Written on Saturday 16th May 2009
These two books making up Vol 3 give a total of 280 WW1 and 30 WW2 biographies of those men (and a few no less deserving women) who, whilst in many cases only remotely connected to Boston, Dr Hunt considered worthy of commemoration as having served King and Country in whatever capacity in two world wars. The breadth of his research is amazing. These include surviving and lost war memorials, which are described and where possible photographed, service and regimental records from home and overseas resources, census returns, contemporary newspaper accounts, letters of friends, comrades in battle and relations.

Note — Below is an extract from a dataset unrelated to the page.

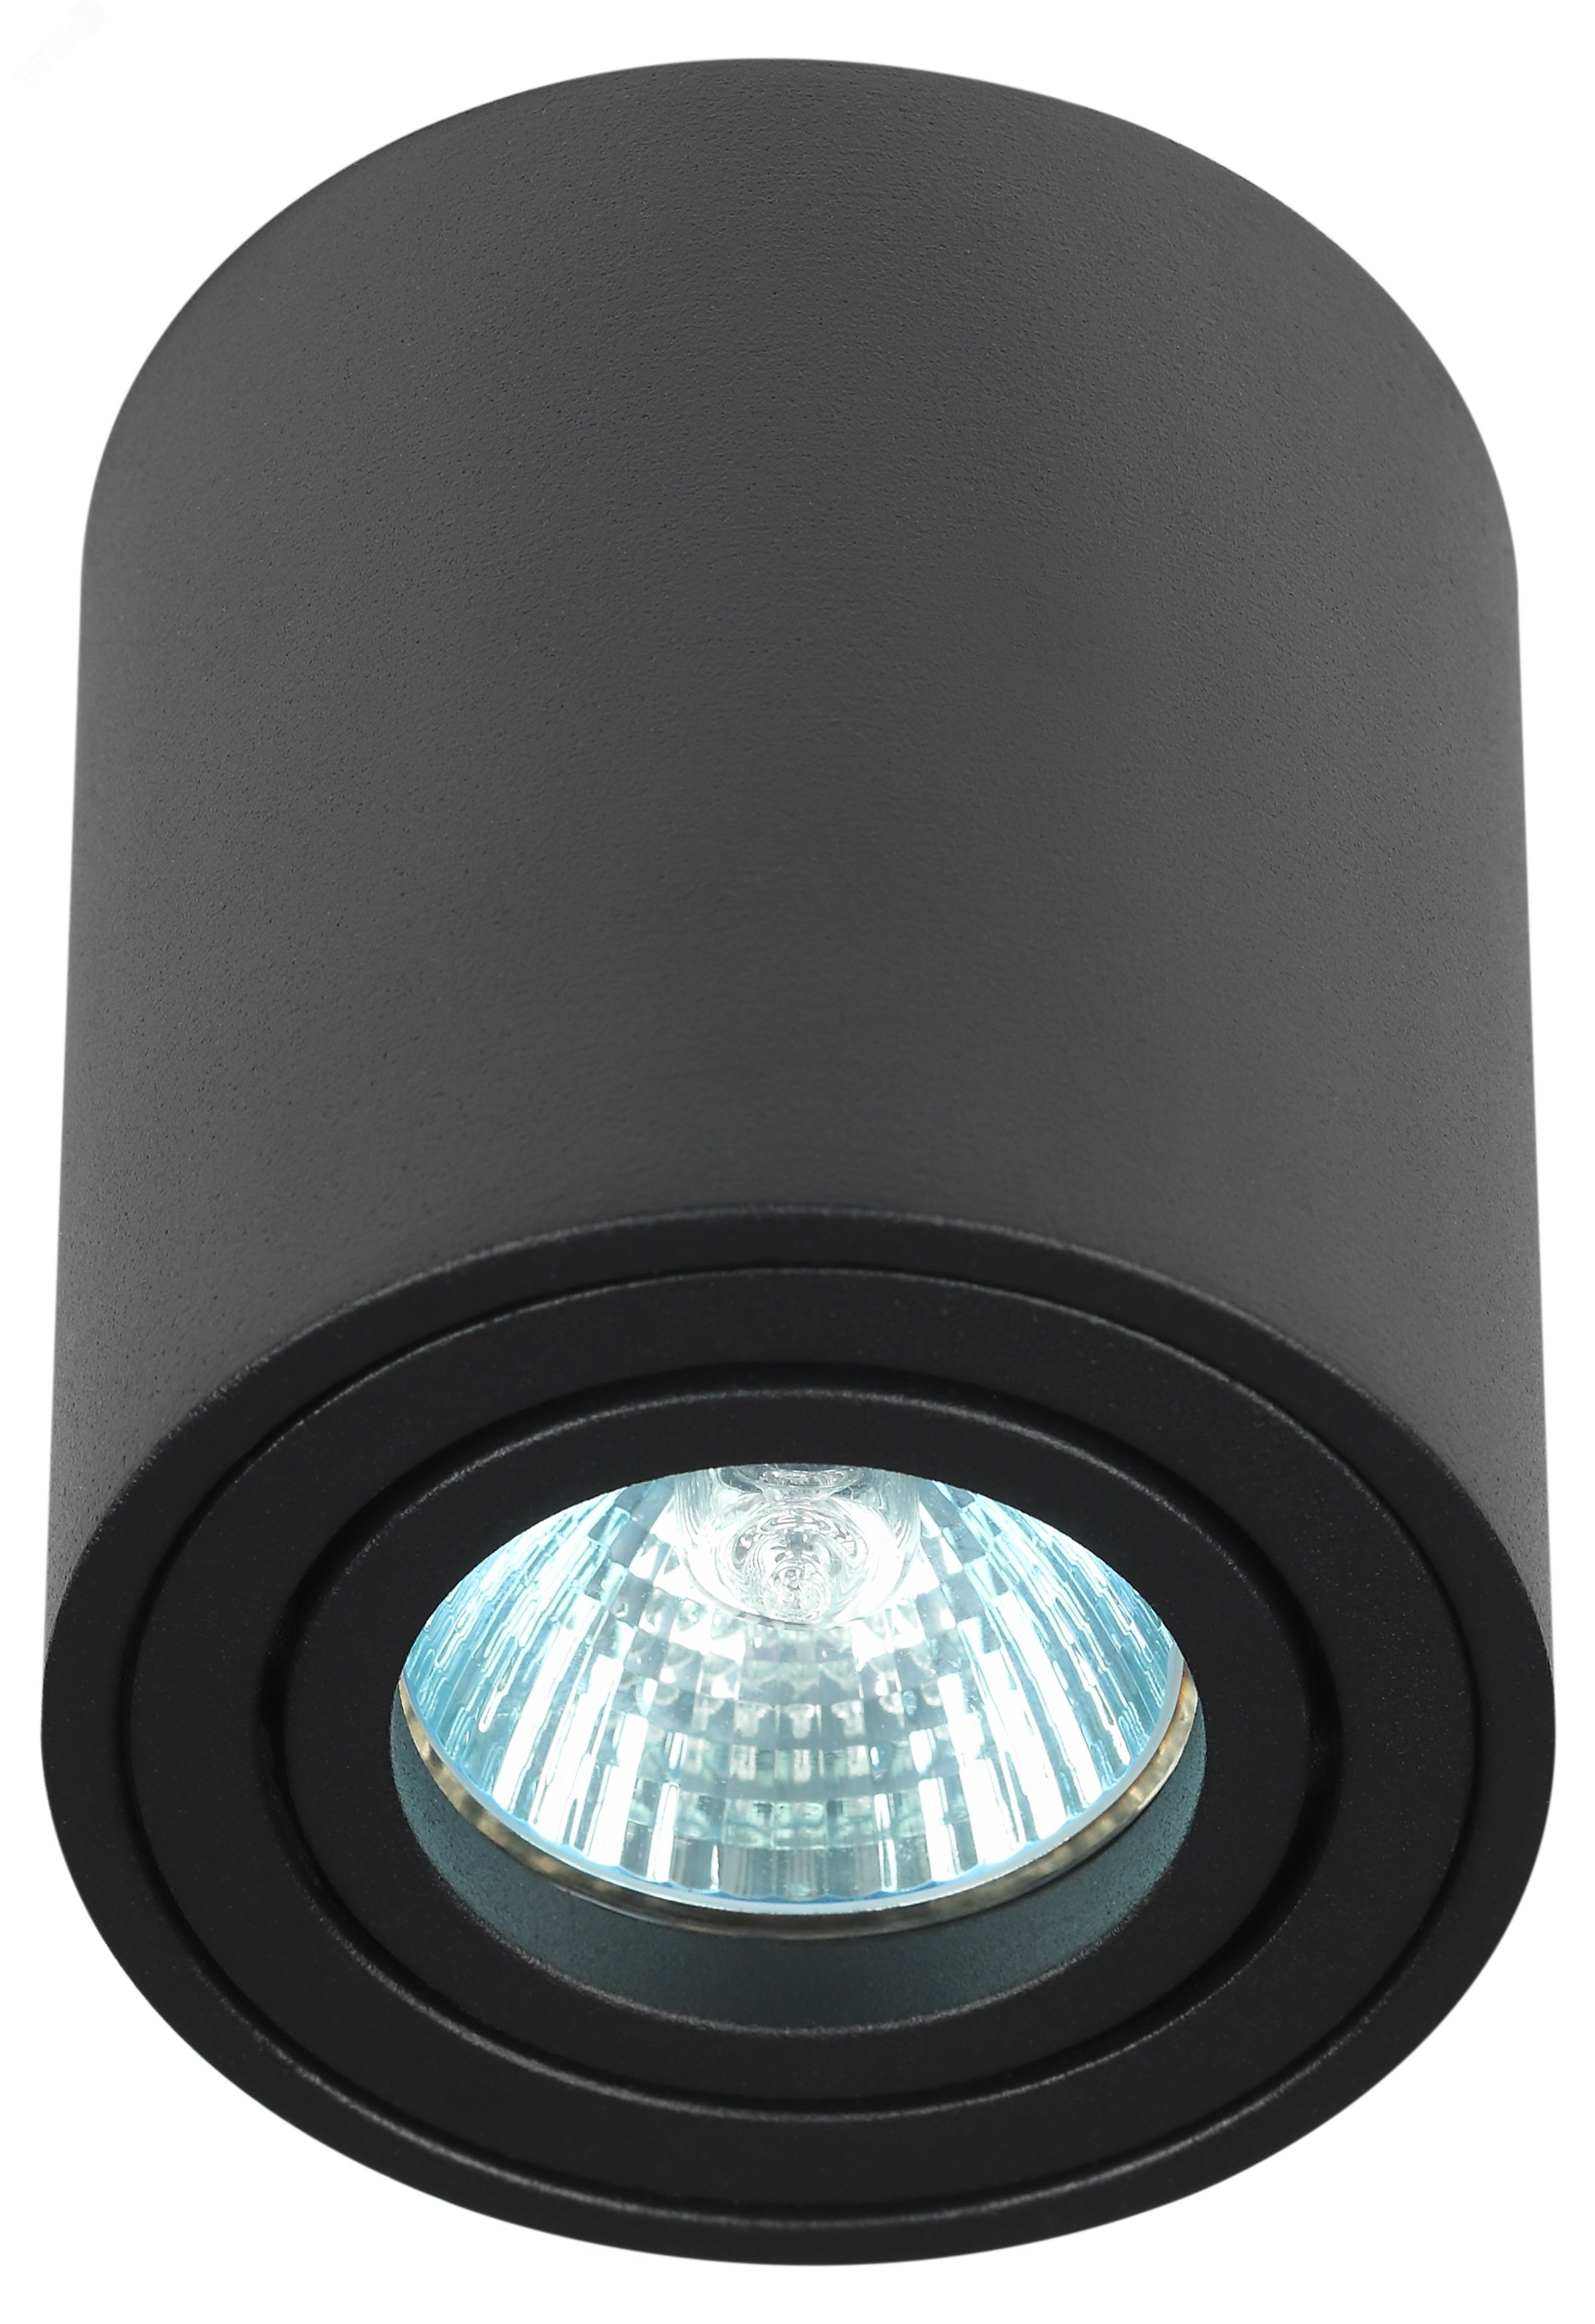 Светильник настенно-потолочный спот OL21 BK MR16/GU10, черный, поворотный лампа MR16 ( в комплект не входит) Б0054393 ЭРА

The resulting biographies include constant surprises. In 1915 Herbert Angrave 'received three days Field Punishment no. 2 for being absent without leave'; on the evening before he boarded the steam trawler Fijian for his final voyage Bertie Biggadike went to a whist drive with his friend Alfred Follows; and, in 1912, Alexander Crawford hit 52 runs playing for Nottinghamshire CC in a match against the Australians.
Overarching both books are descriptions of death in its myriad of wartime forms. Whilst the 'over-the-tops' such as those on the Somme and Aisne rivers and at Passchendaele are well-known for their carnage less well-known are such actions as that mounted against the Hohenzollern Redoubt in October 1915. There schoolmaster Edgar Dawson of the 1st/5th Battalion of the Lincolnshire regiment was one of 23 officers and 850 men who left the trenches and who discovered the next day that only 1 officer and 110 men were left fit to answer roll cal! Other less expected but often present dangers were shells (which must in WW1 have made every minute at the Front a terrifying ordeal), mines (at sea and on land), the ever-present sniper, gas, disease, drowning (usually in the north Sea but in two cases in the Witham), anti-aircraft guns and Messerschmidt fighters. Following the death of 8 Bostonians in a massive mine explosion in April 1916 Private James Walker informed his parents that "some don't realise what war is" - after reading Dr Hunt's books everyone should have a pretty good idea.
In 2008 every single British death in Iraq or Afghanistan is, quite rightly, reported in detail and mourned by the nation. As memory of the scale of killing in the two Great Wars somewhat dims with time these splendid volumes will stand forever as an ever-present reminder to Bostonians and readers further afield of the enormous sacrifices made by our 20th century forebears.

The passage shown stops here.